Самоубийцы. Повесть о том, как мы жили и что читали
Шрифт:
Затем он двусмысленно каламбурит, играя на собственном, торговом понимании слова «добро»: «…И признаюсь — от вашей лиры предвижу много я добра». А поэт, поломавшись, отвечает согласием: «Вы совершенно правы. Вот вам моя рукопись. Условимся».
По-нашему: поторгуемся и подмахнем договорчик.
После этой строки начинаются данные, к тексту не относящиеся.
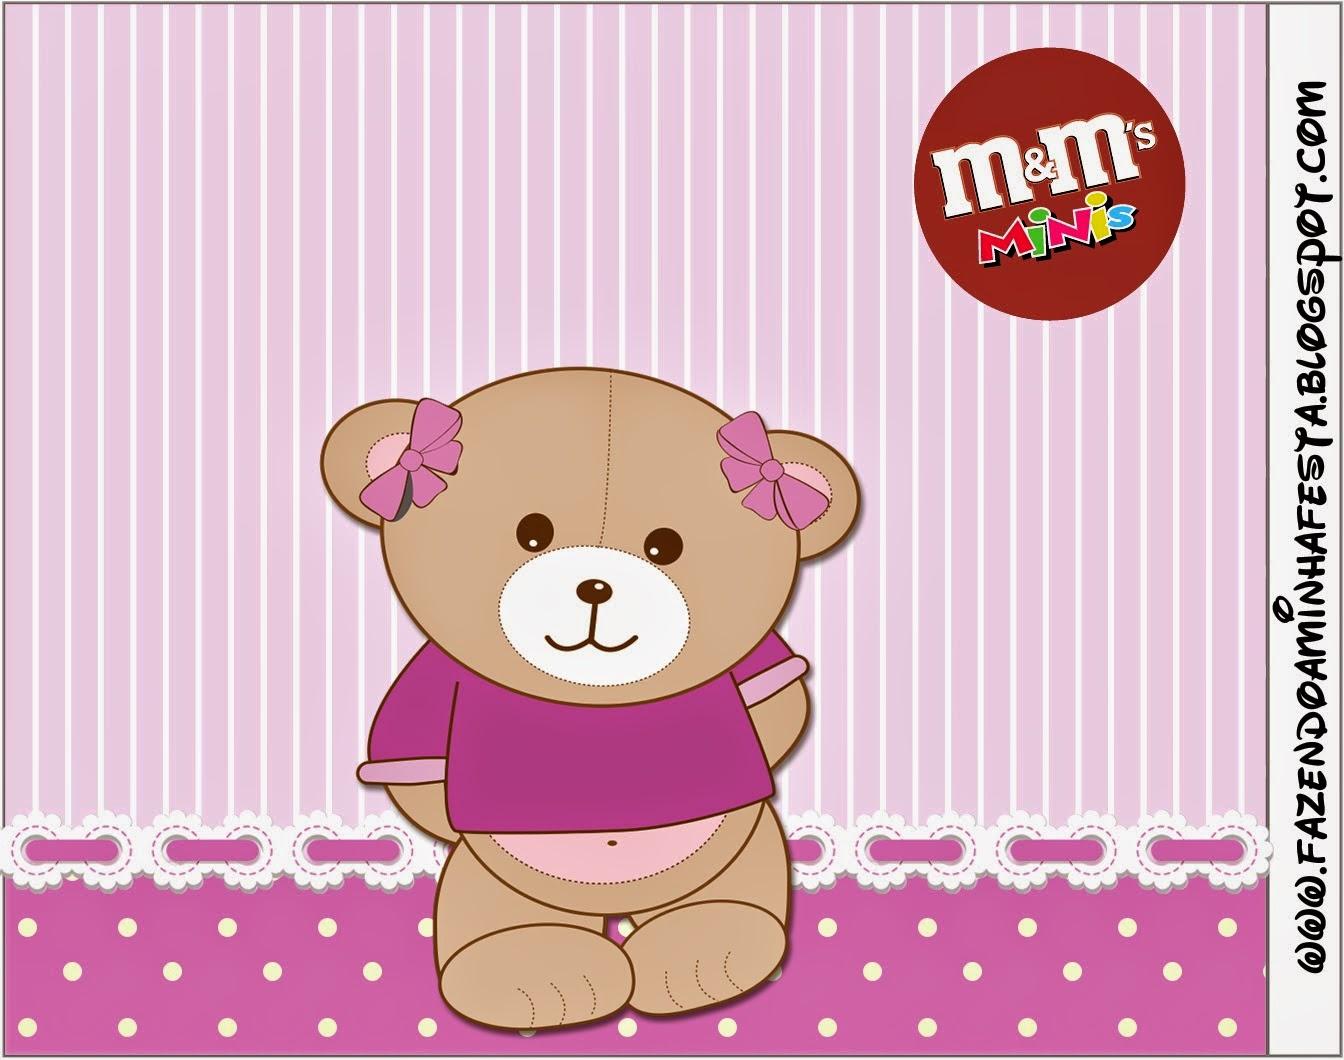 Etiqueta M&M de Osita en Fondo Lila para imprimir gratis.

Как нельзя не заметить, отвечает поэт, переходя со стихов на прозу. То есть творчество — это одно, финансовые интересы — другое. Не враждебное, просто другое. И покуда, не торопясь соглашаться, стихотворец «воспоминал» то время:
…Когда,— это и была констатация естественной разницы между двумя сферами. Повторяю, разницы, вовсе не предполагающей вражды. «…Наш век — торгаш; в сей век железный без денег и свободы нет», — внушает поэту книгопродавец. Но ведь и сам Пушкин писал жене: «Я деньги мало люблю — но уважаю в них единственный способ благопристойной независимости».
Так что прозаическое «условимся» — не измена поэтическому призванию.
Кажется, никто не заметил, что появившийся сотню лет спустя «Разговор с фининспектором о поэзии» Маяковского — вряд ли намеренный, но очевидный аналог пушкинского «Разговора». Здесь тоже стихотворец заведет речь о плате и о вдохновении, и тем нагляднее перед нами предстанет перемена, происшедшая в сознании человека искусства.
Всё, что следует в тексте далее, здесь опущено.